Start of Block

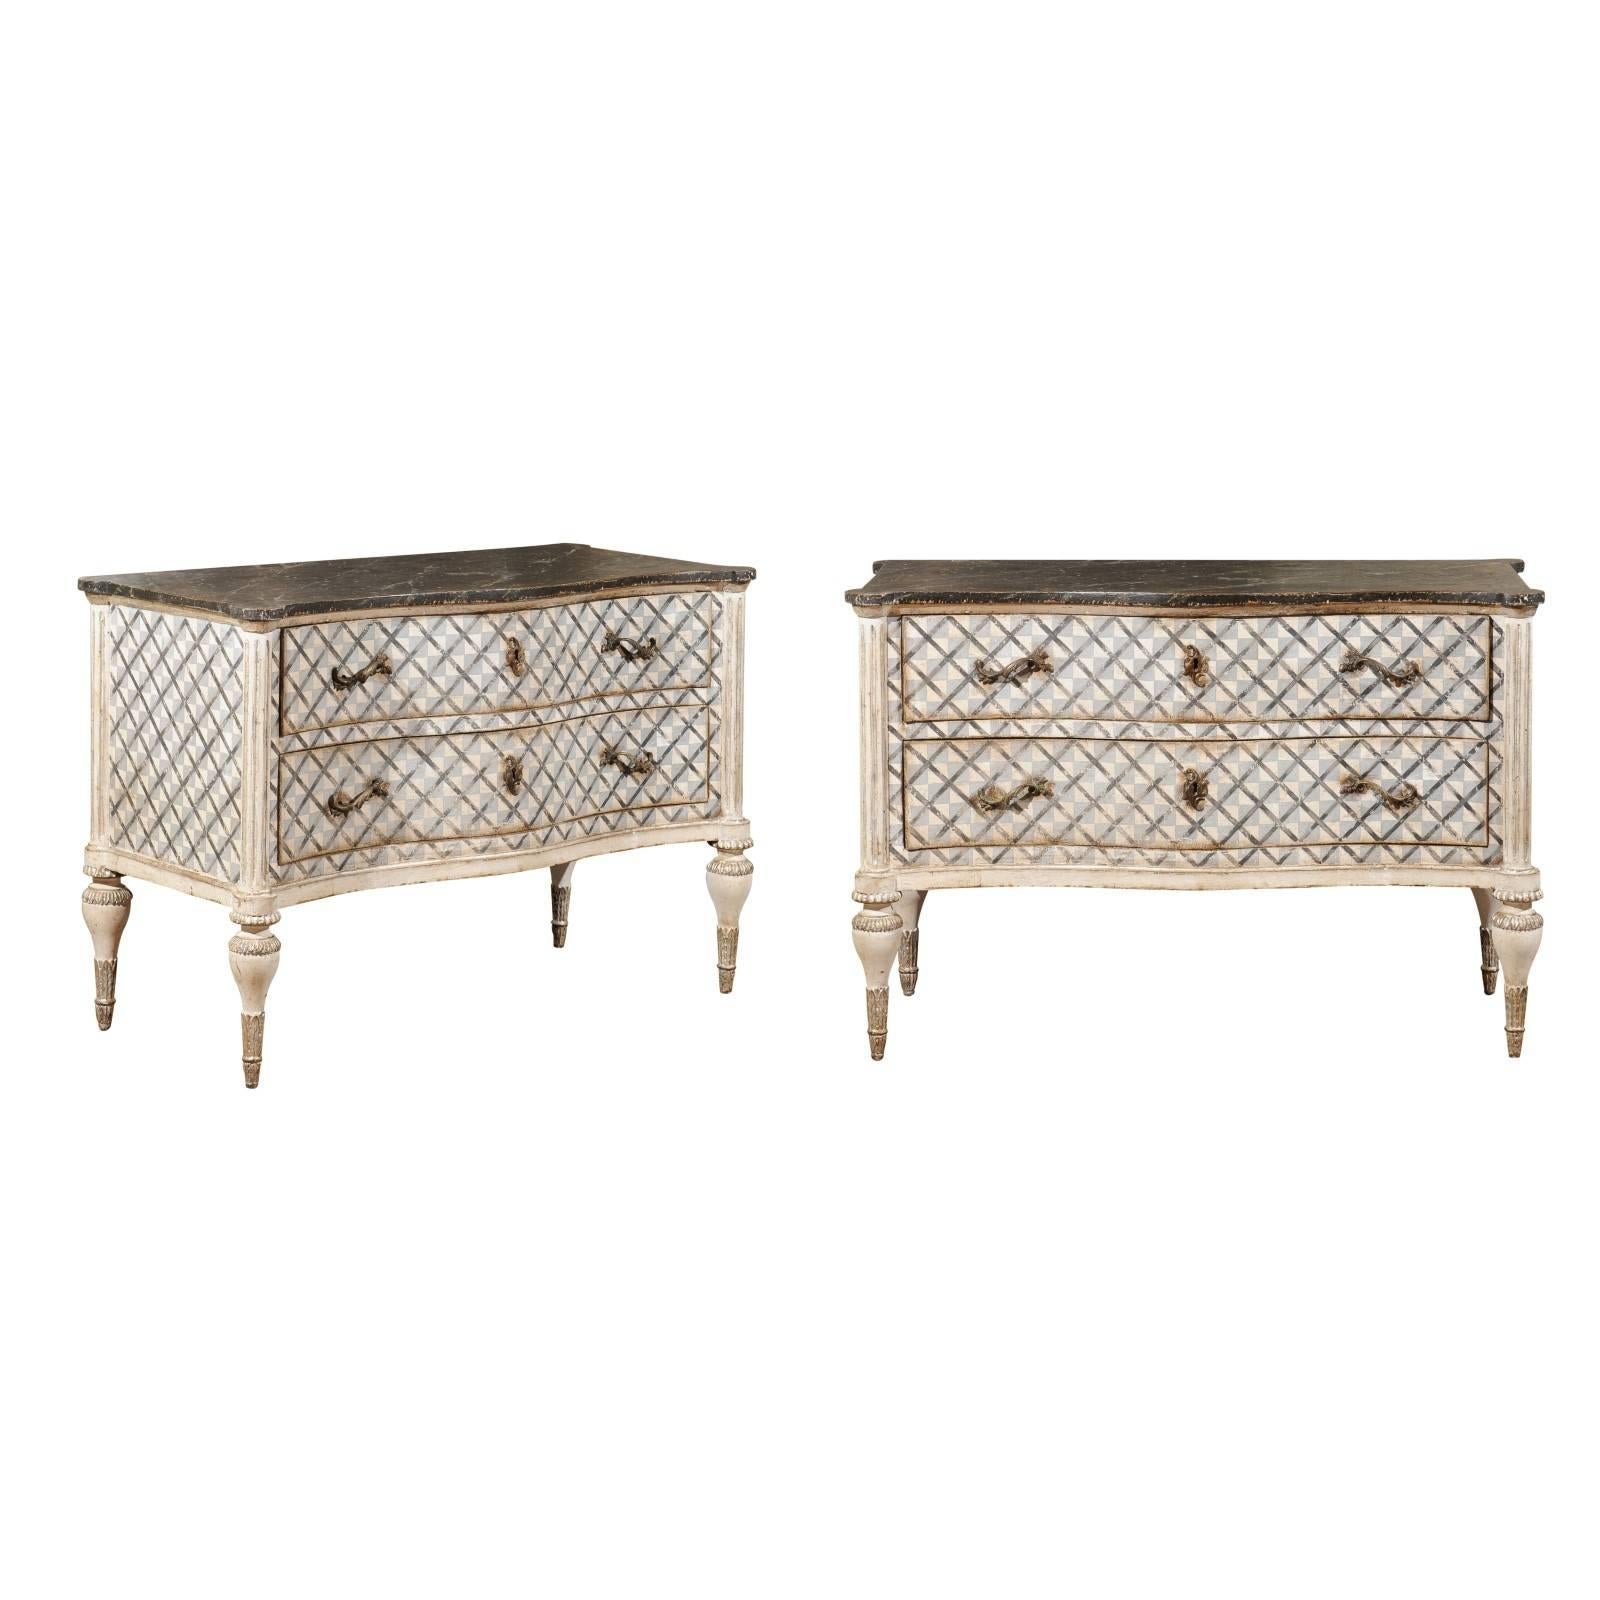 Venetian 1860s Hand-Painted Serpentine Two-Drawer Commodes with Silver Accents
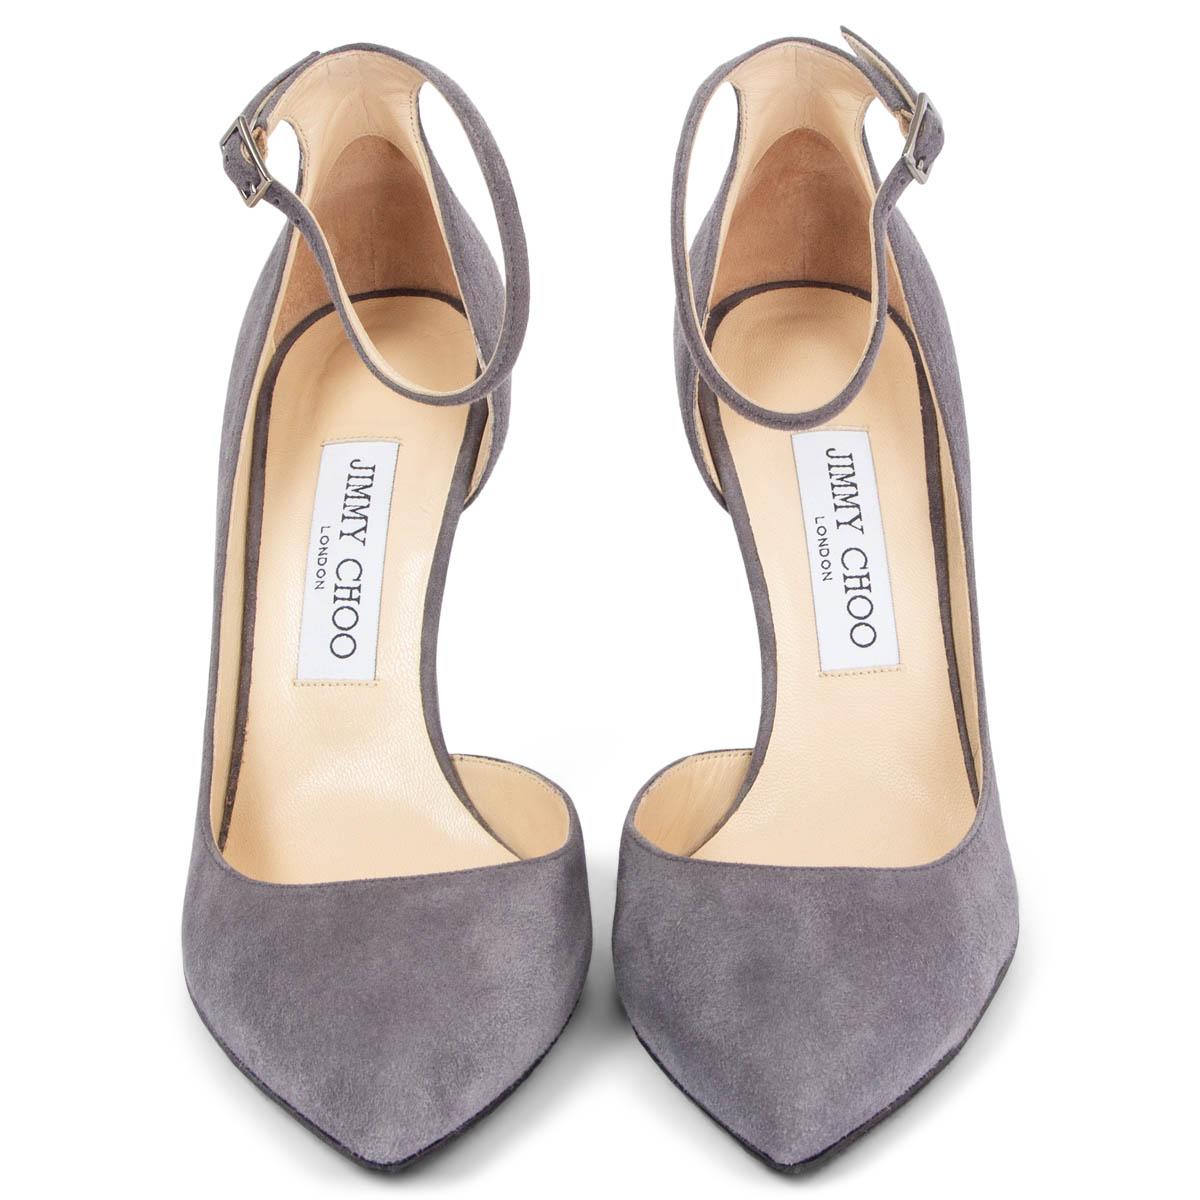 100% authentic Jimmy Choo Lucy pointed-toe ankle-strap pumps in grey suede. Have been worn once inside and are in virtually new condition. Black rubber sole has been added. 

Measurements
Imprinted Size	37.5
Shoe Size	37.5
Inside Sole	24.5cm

End of Block
Start of Block

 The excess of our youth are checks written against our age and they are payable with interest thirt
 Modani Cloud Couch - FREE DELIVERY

End of Block

■ **Your objective**
Please write out, exactly as they appear above, only the lines in the stretch from the line with "The excess of" through the line with "Modani Cloud Couch - FREE DELIVERY".

■ **Response**
 The excess of our youth are checks written against our age and they are payable with interest thirt
 Modani Cloud Couch - FREE DELIVERY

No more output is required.